+++ Raw data +++

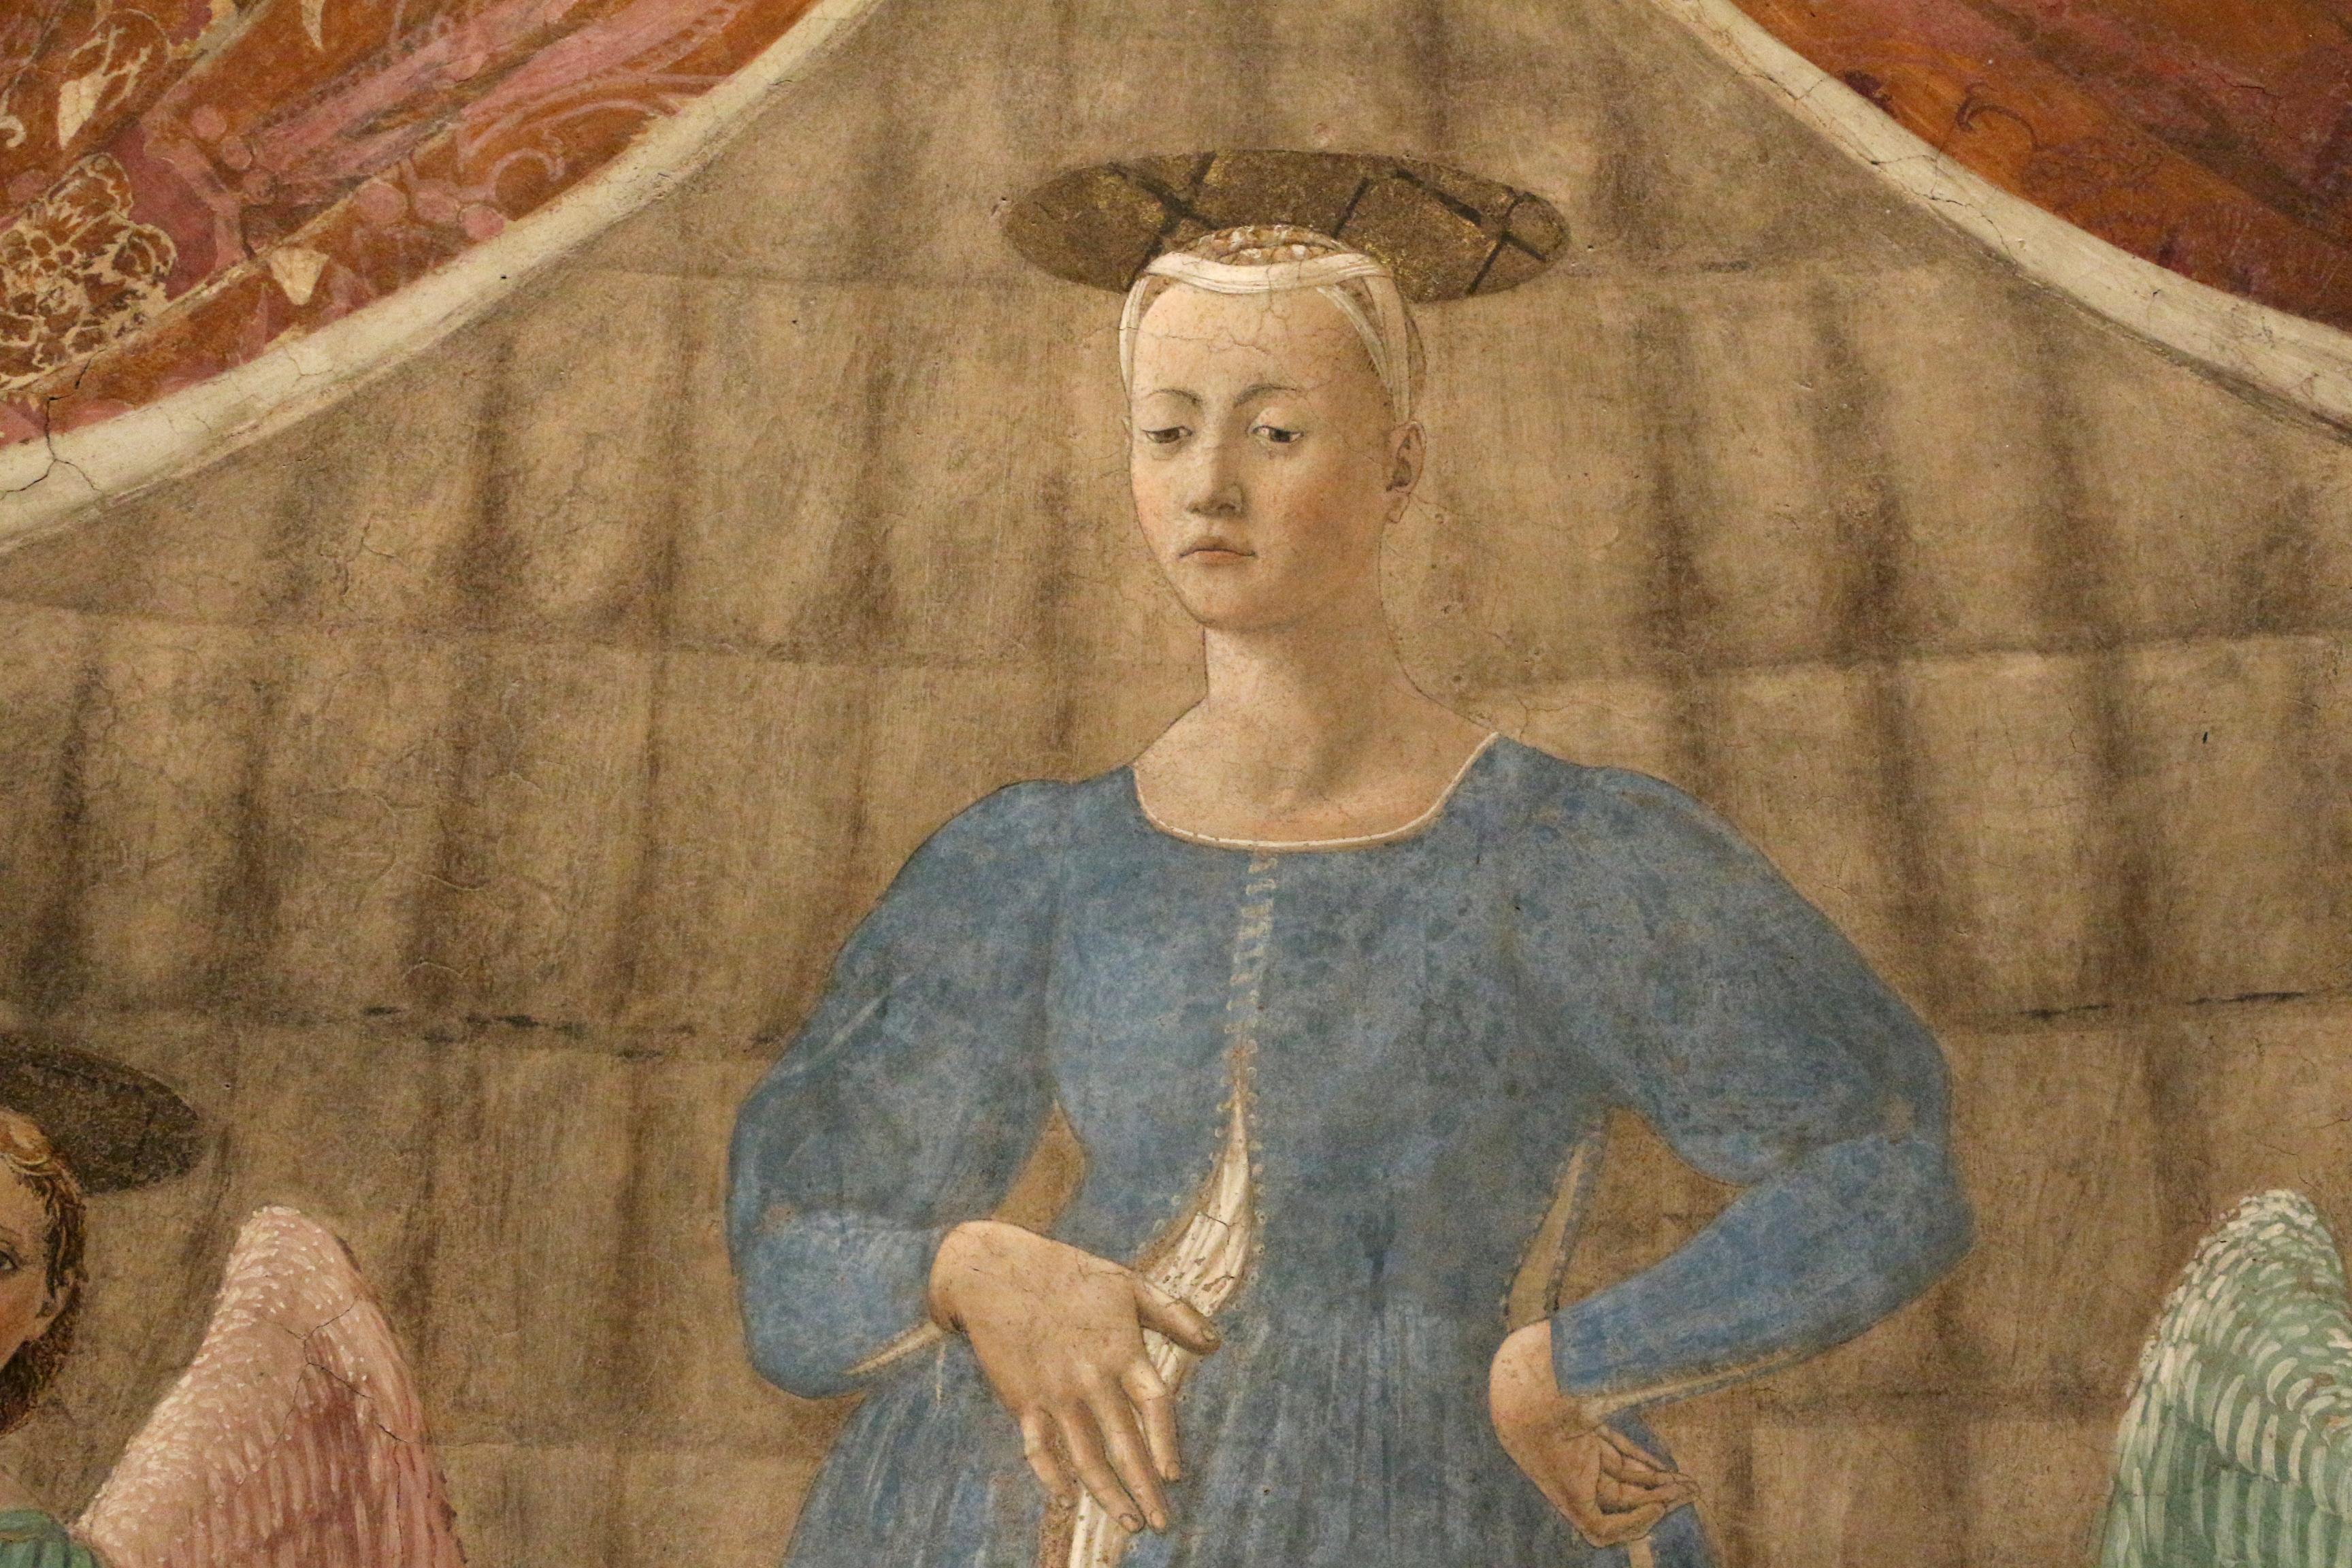 piero della francesca and the use Piero della francesca (italian pronunciation: [ˈpjɛːro della franˈtʃeska] listen (help info) c 1415 - 12 october 1492) was an italian painter of the early renaissance.
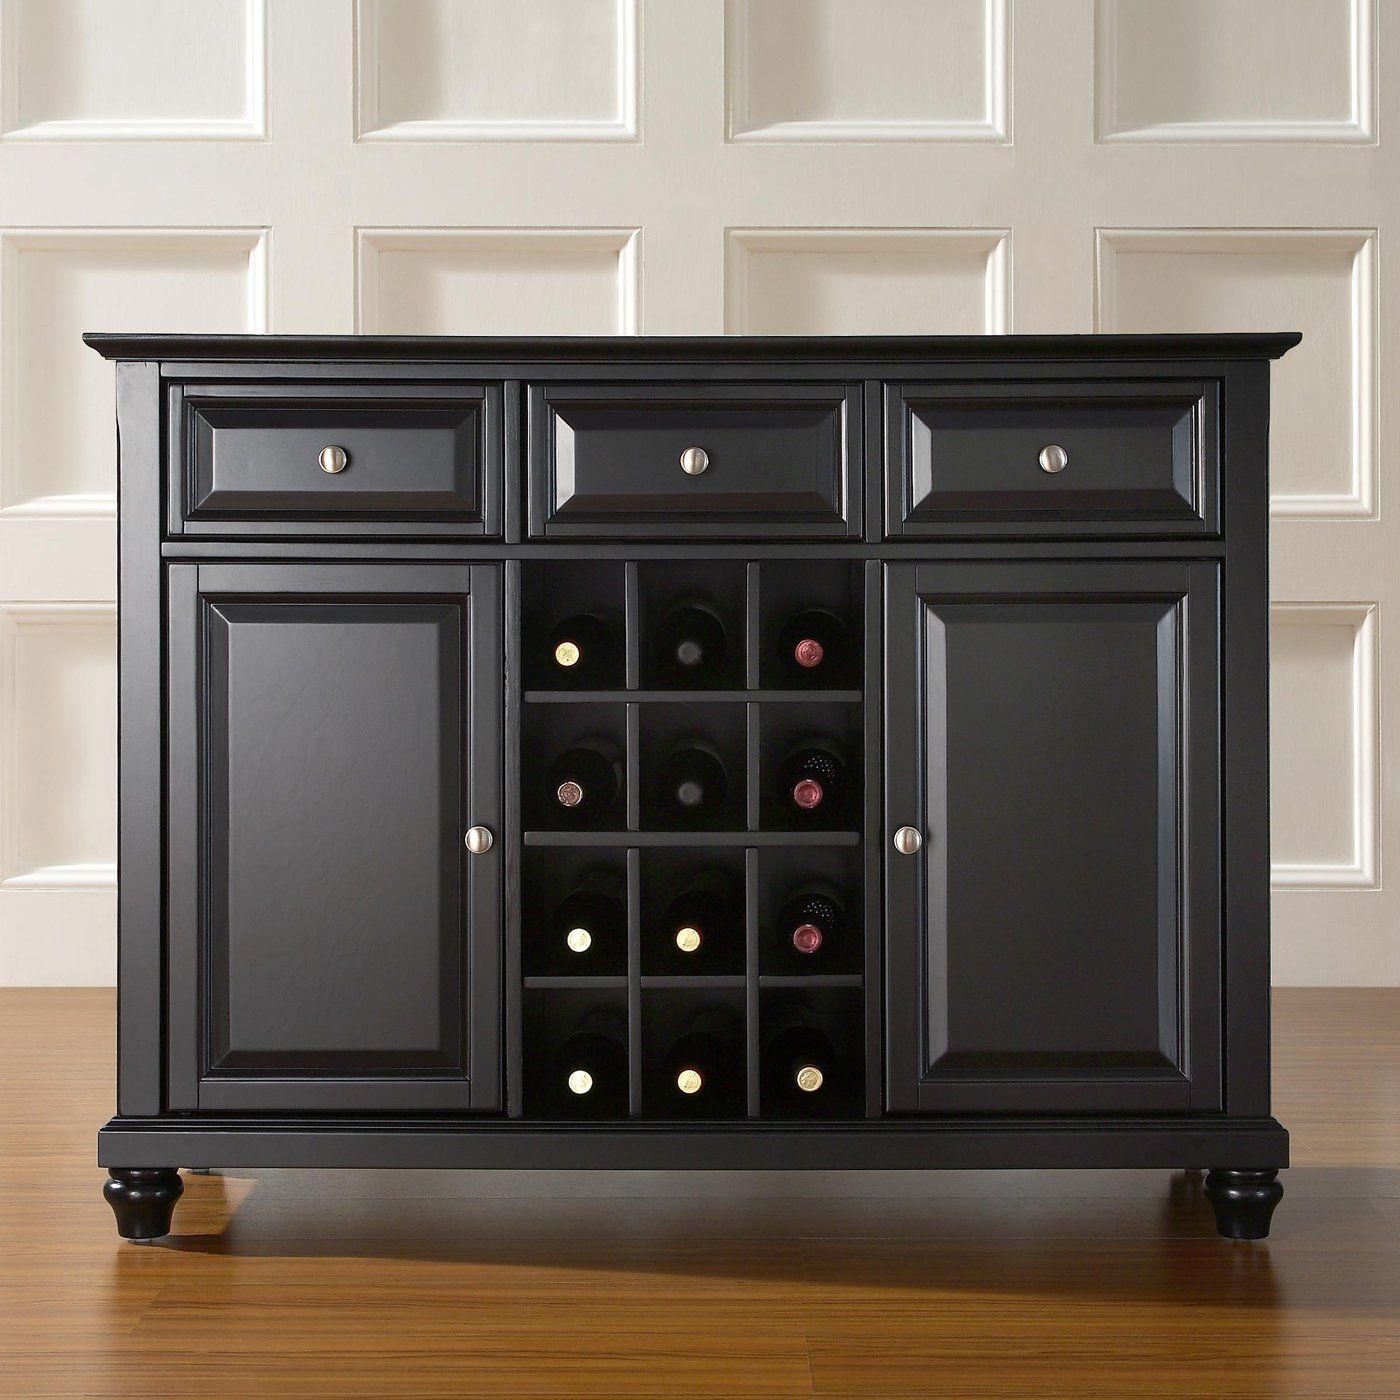 Crosley Furniture Buffet Server/Sideboard Cabinet
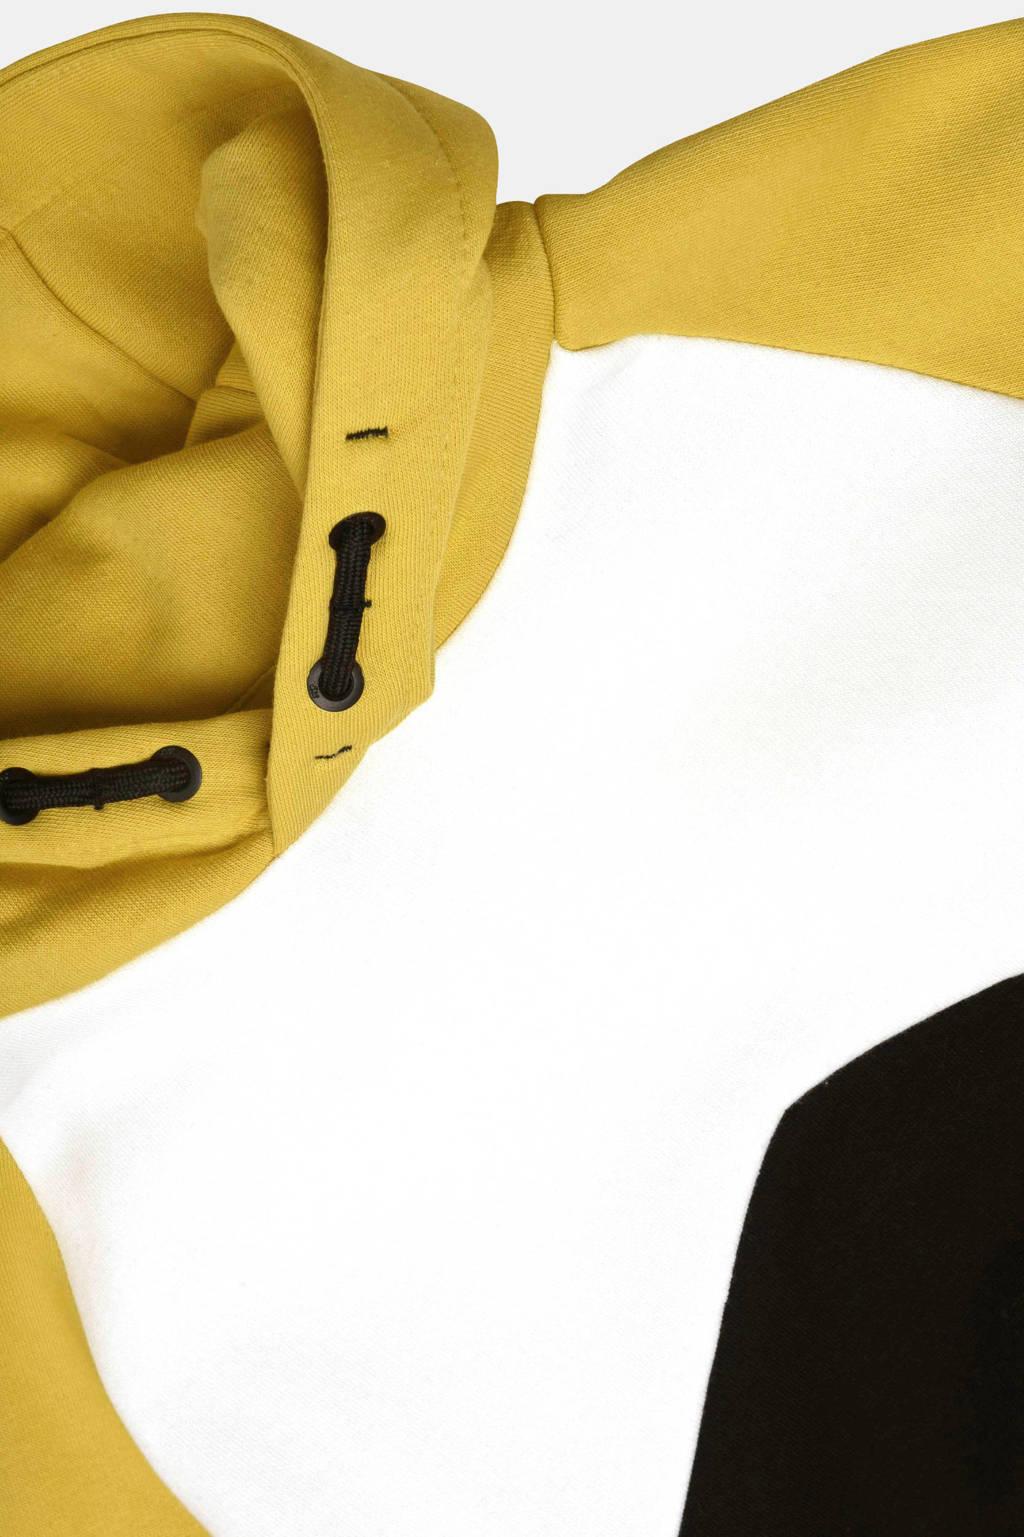 Jill & Mitch by Shoeby hoodie Alexander mosterdgeel/zwart/wit, Mosterdgeel/zwart/wit

+++

**Assigned task**: Could you return, word for word, every line from the line with "Crosley Furniture Buffet" through the last line of the listing above, both ends included, without any pictures?

**Solution to this problem**:
 Crosley Furniture Buffet Server/Sideboard Cabinet
 Jill & Mitch by Shoeby hoodie Alexander mosterdgeel/zwart/wit, Mosterdgeel/zwart/wit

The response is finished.